:: Data shown

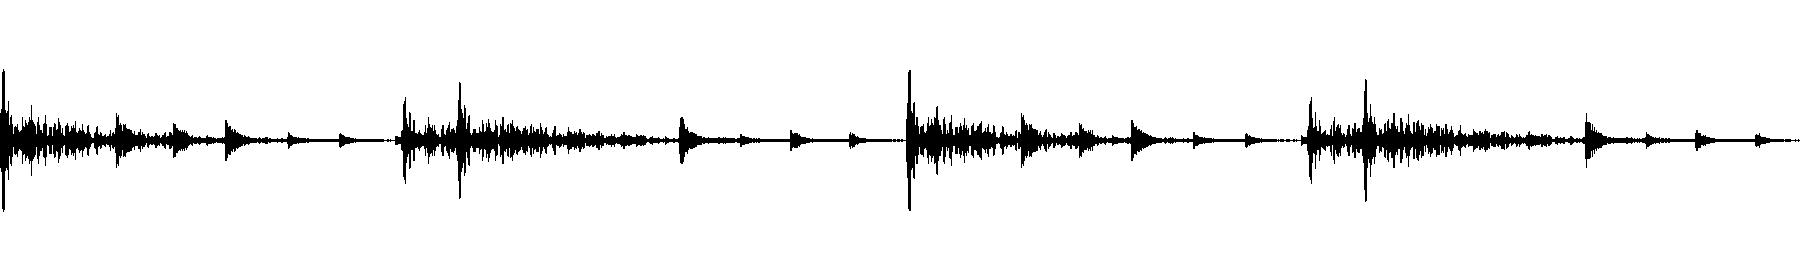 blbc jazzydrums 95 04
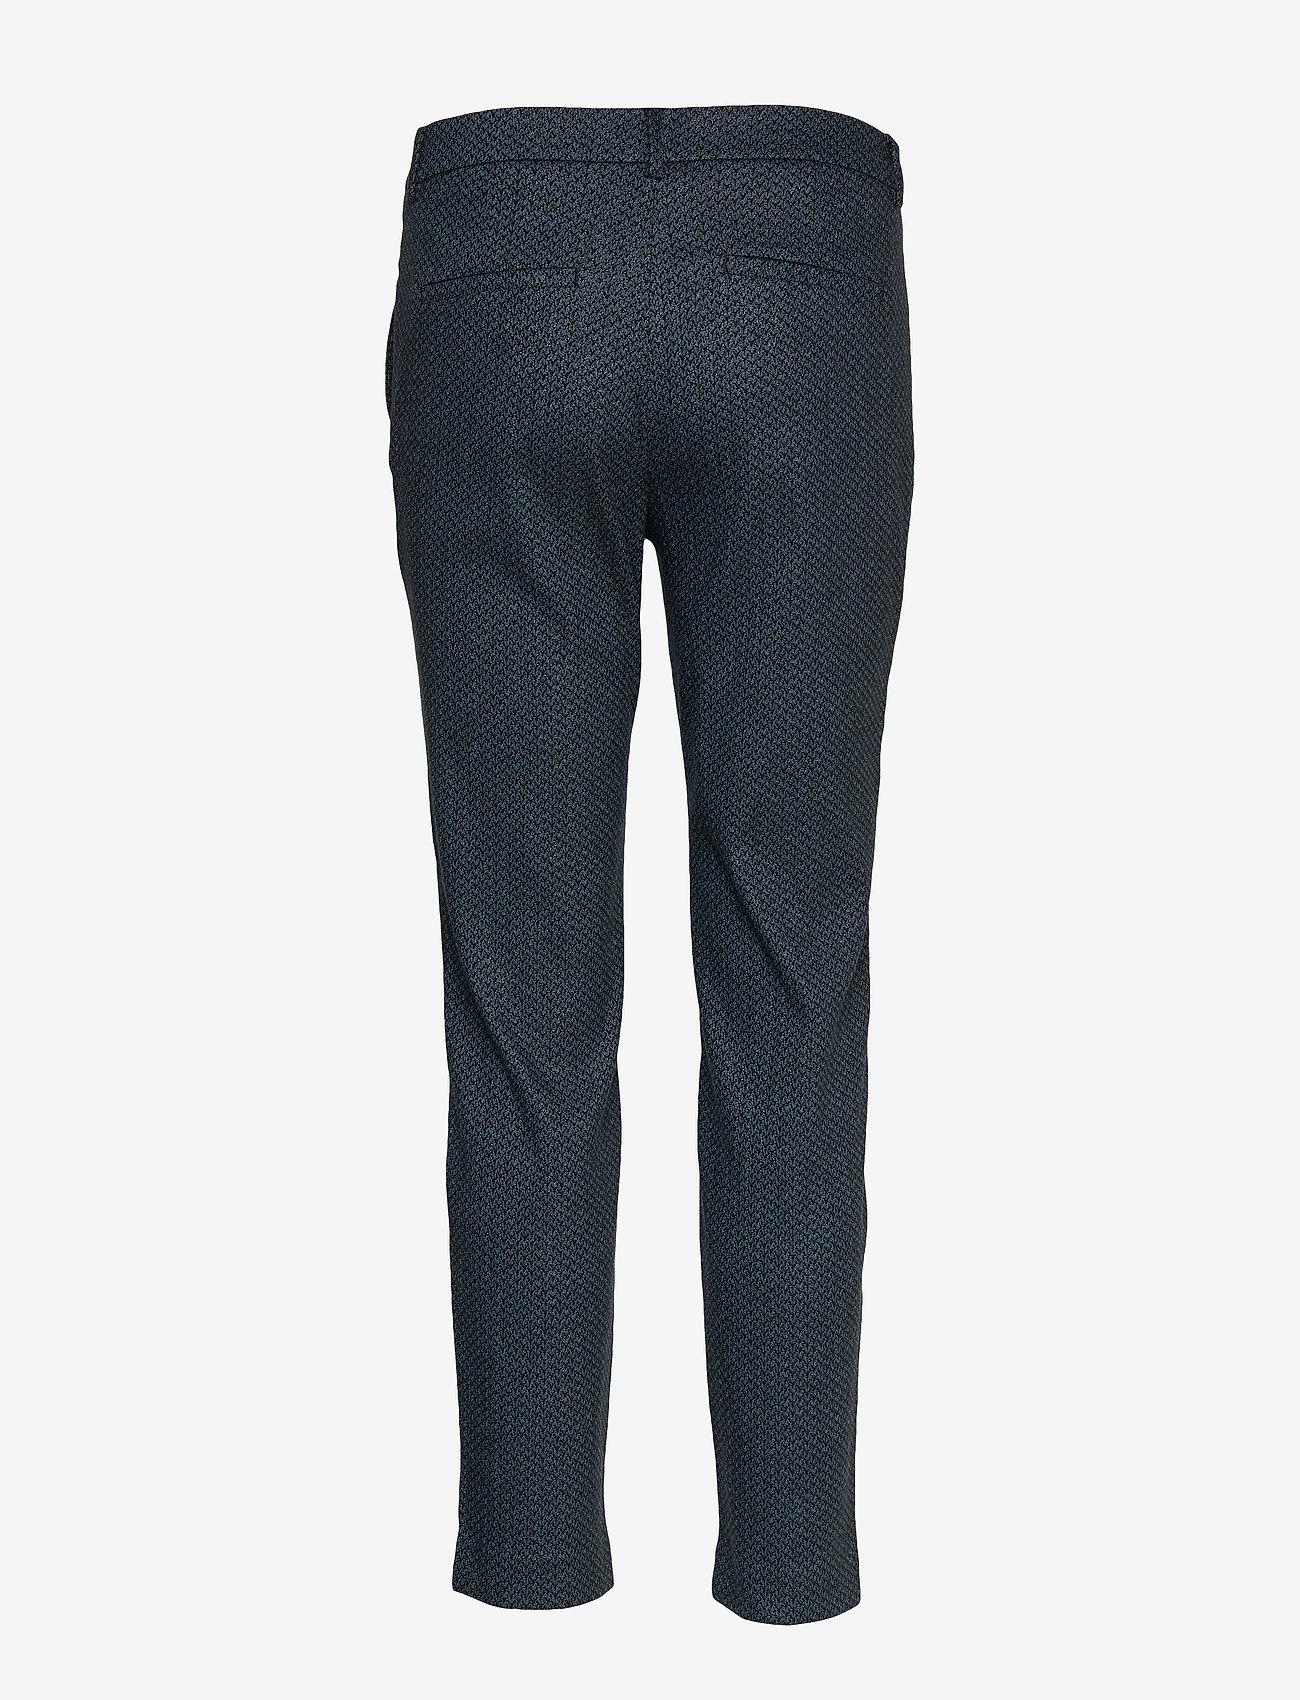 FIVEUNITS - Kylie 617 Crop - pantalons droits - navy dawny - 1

::::
:: Data shown

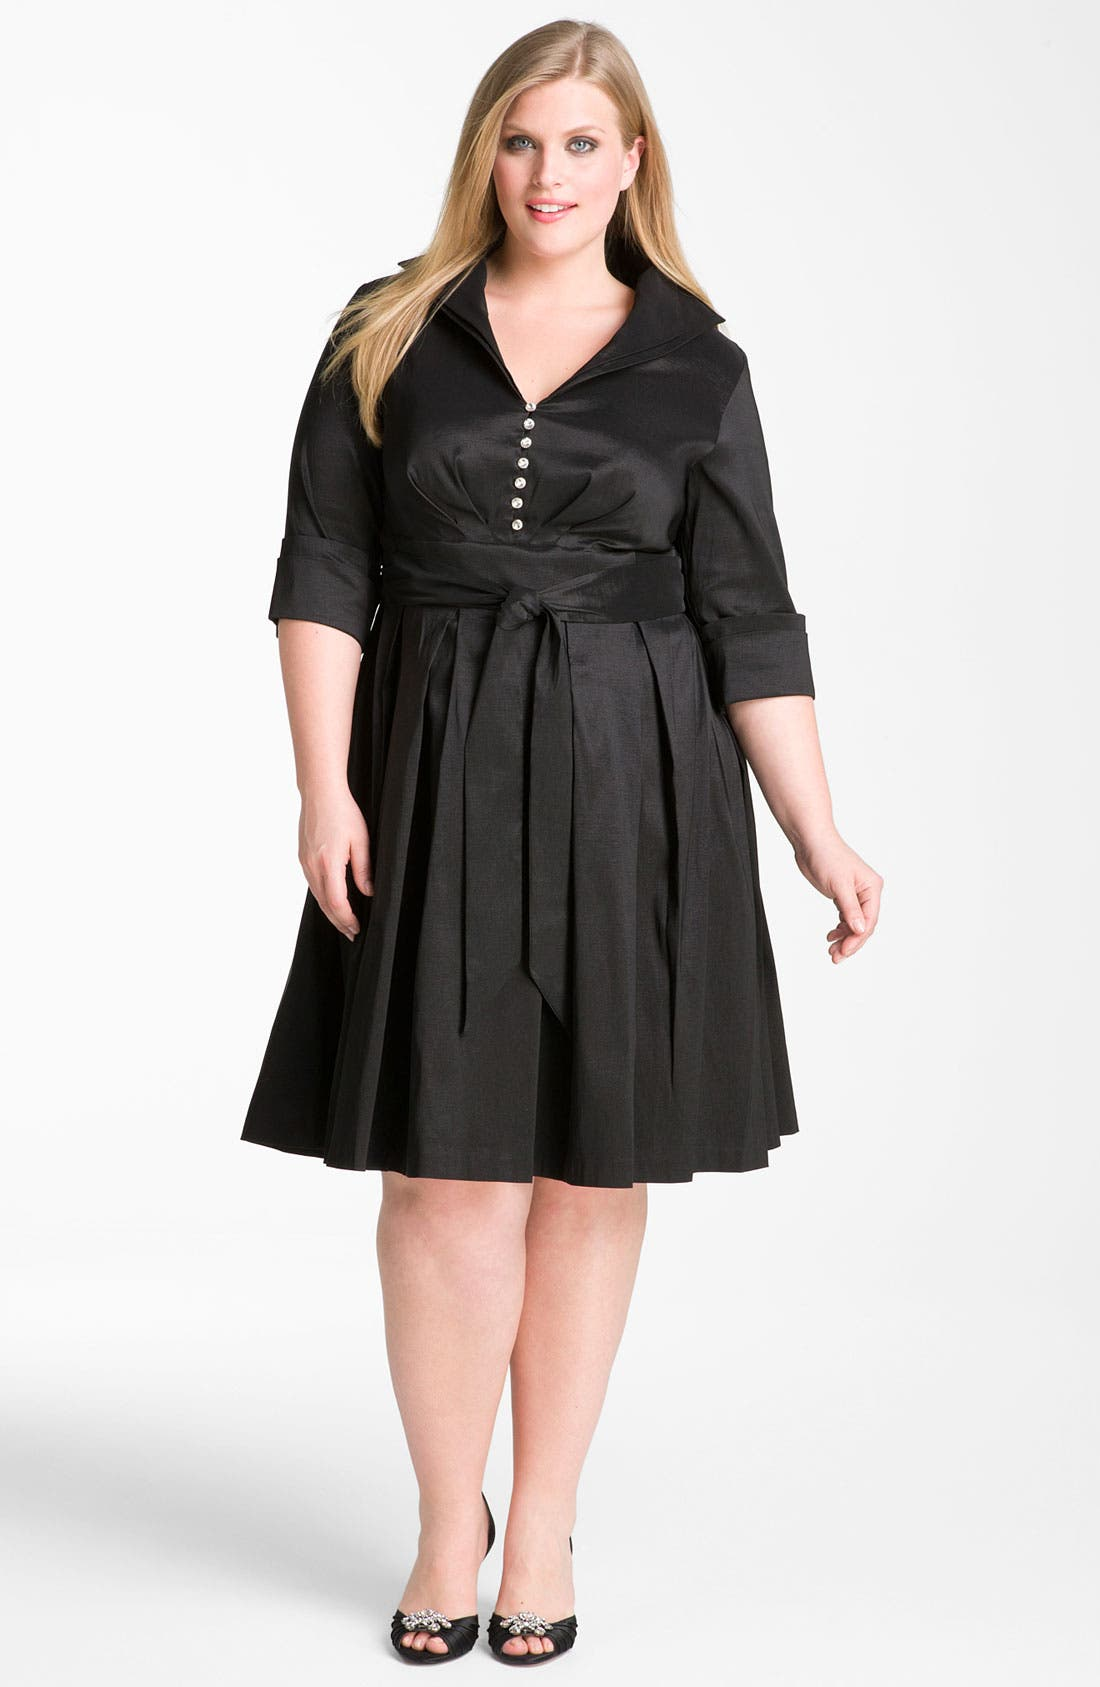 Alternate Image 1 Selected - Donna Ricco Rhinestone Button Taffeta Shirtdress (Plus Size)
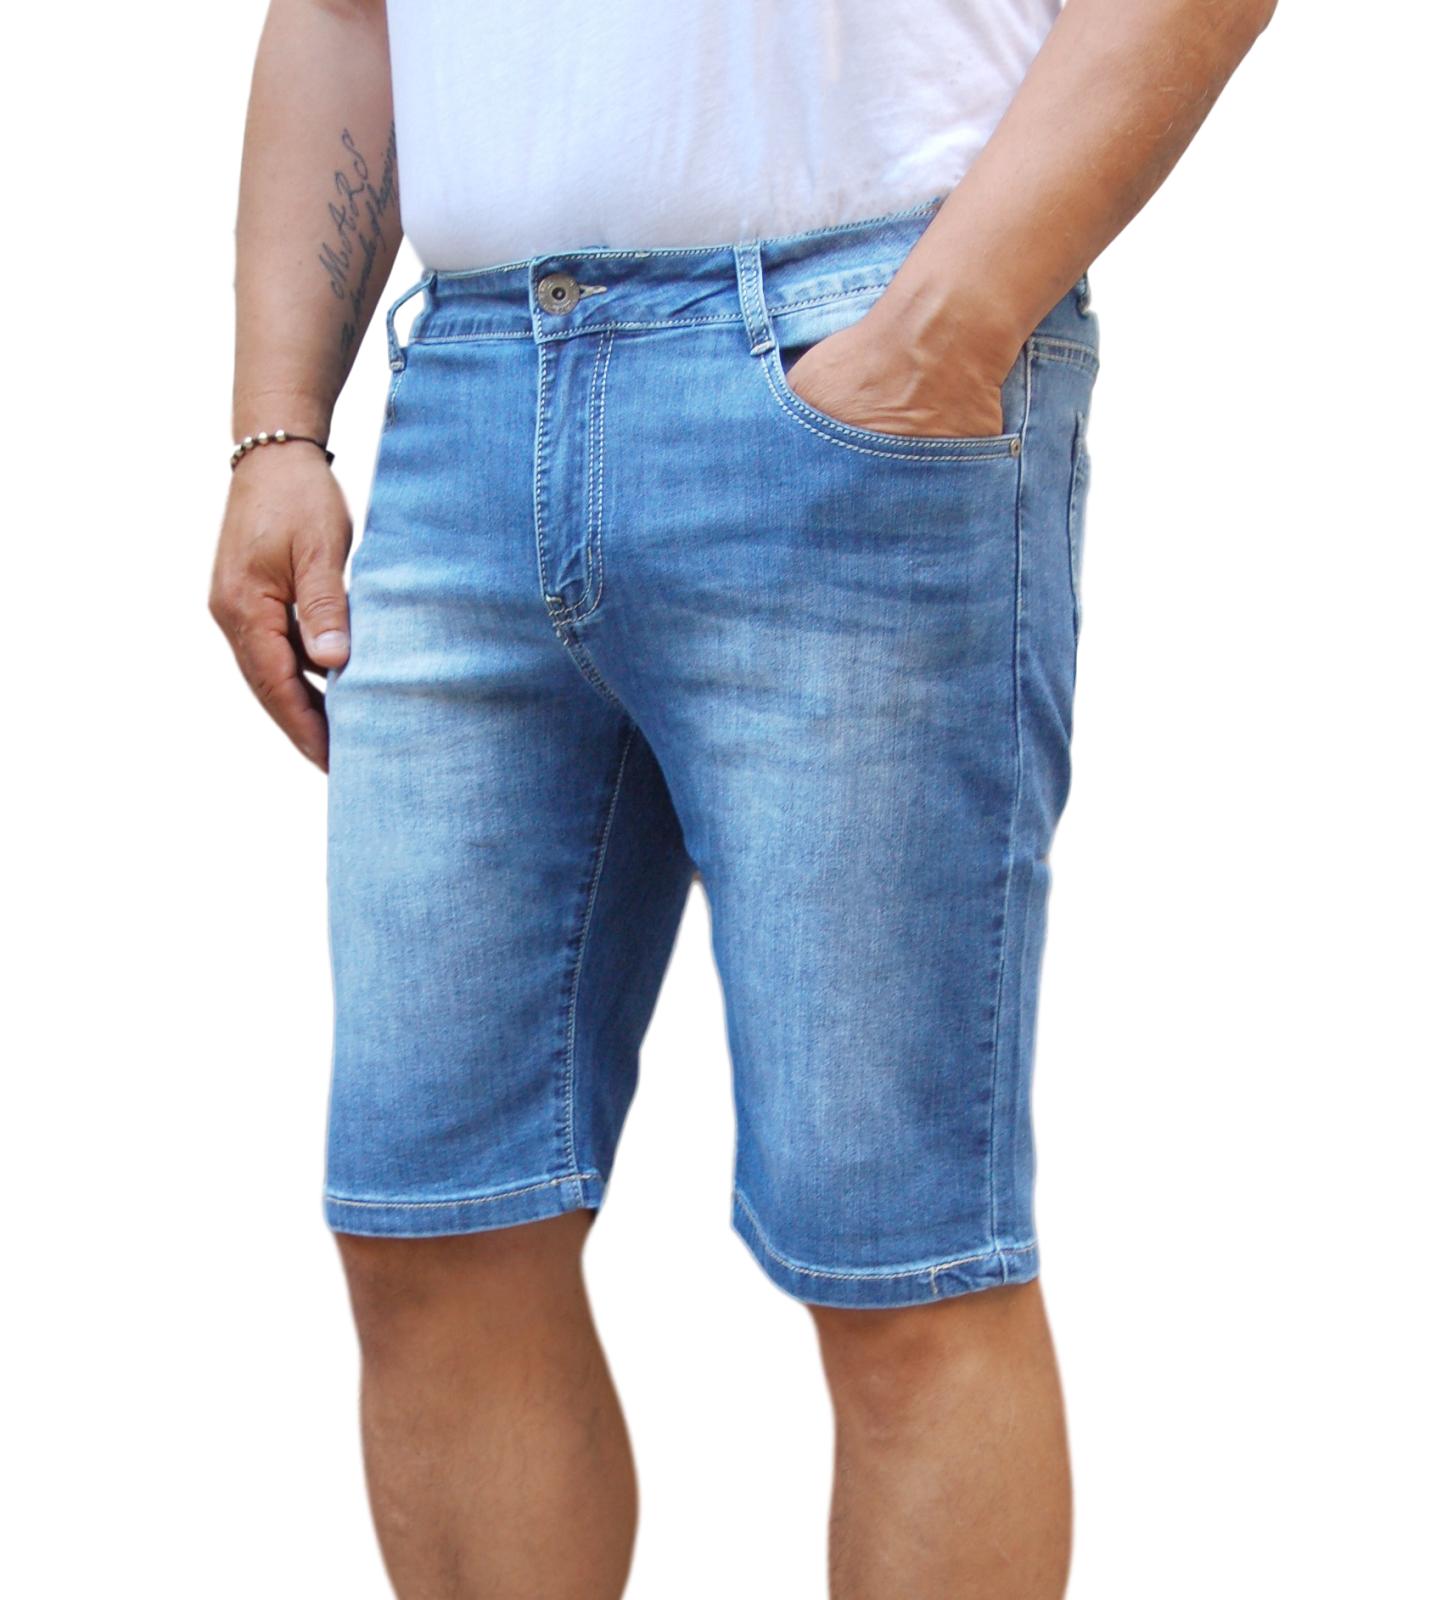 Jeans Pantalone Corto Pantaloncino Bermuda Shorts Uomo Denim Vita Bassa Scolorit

::::
:: Data shown

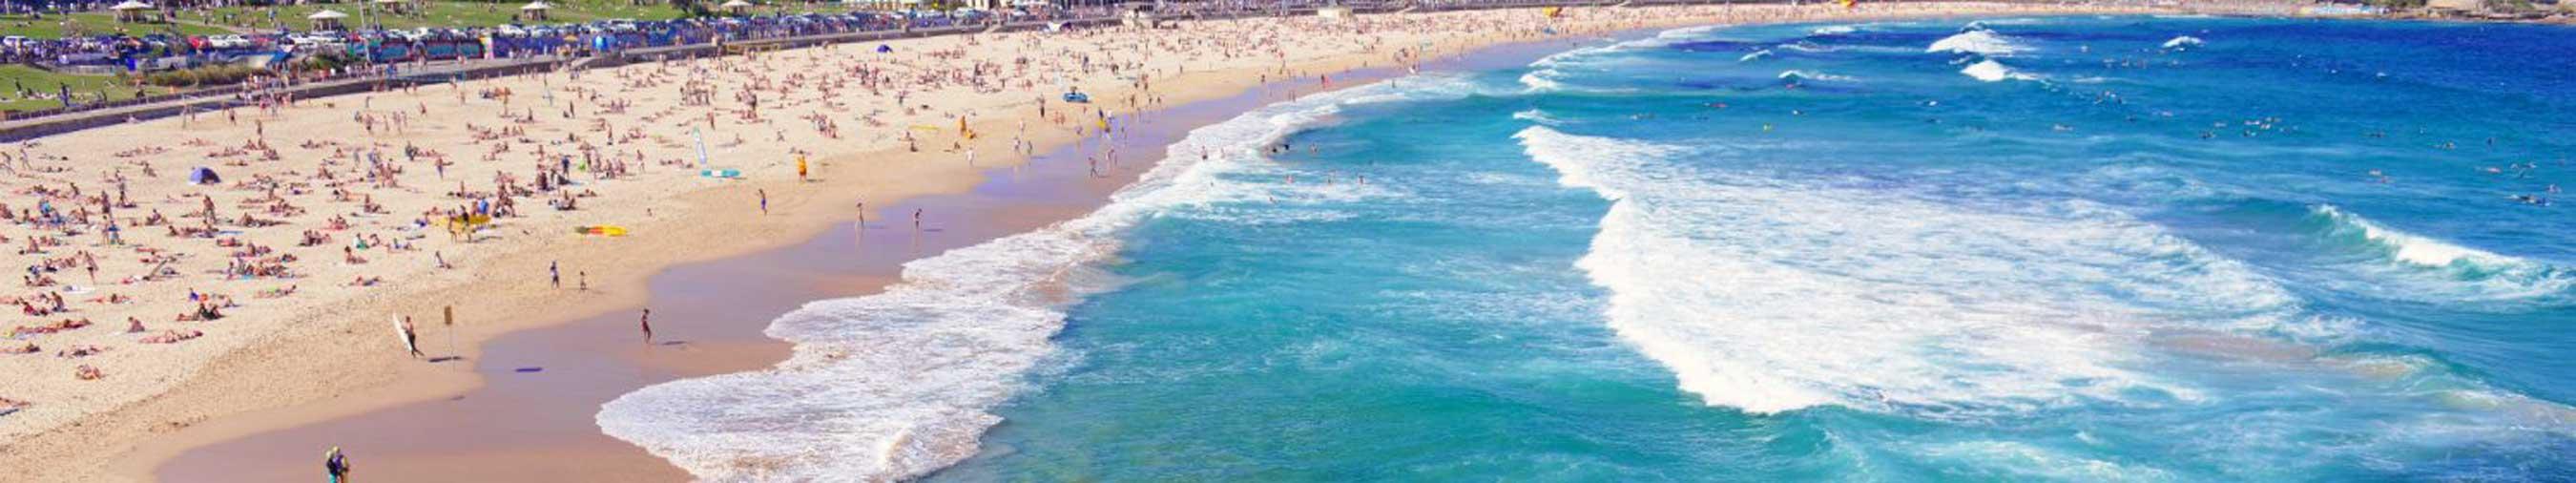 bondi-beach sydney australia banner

::::

**About this exercise:**
Beginning at the line that has "blbc jazzydrums 95 04" and ending at the line that has "FIVEUNITS - Kylie", restate the listing above word for word, pictures left out.

**Exercise result:**
 blbc jazzydrums 95 04
 FIVEUNITS - Kylie 617 Crop - pantalons droits - navy dawny - 1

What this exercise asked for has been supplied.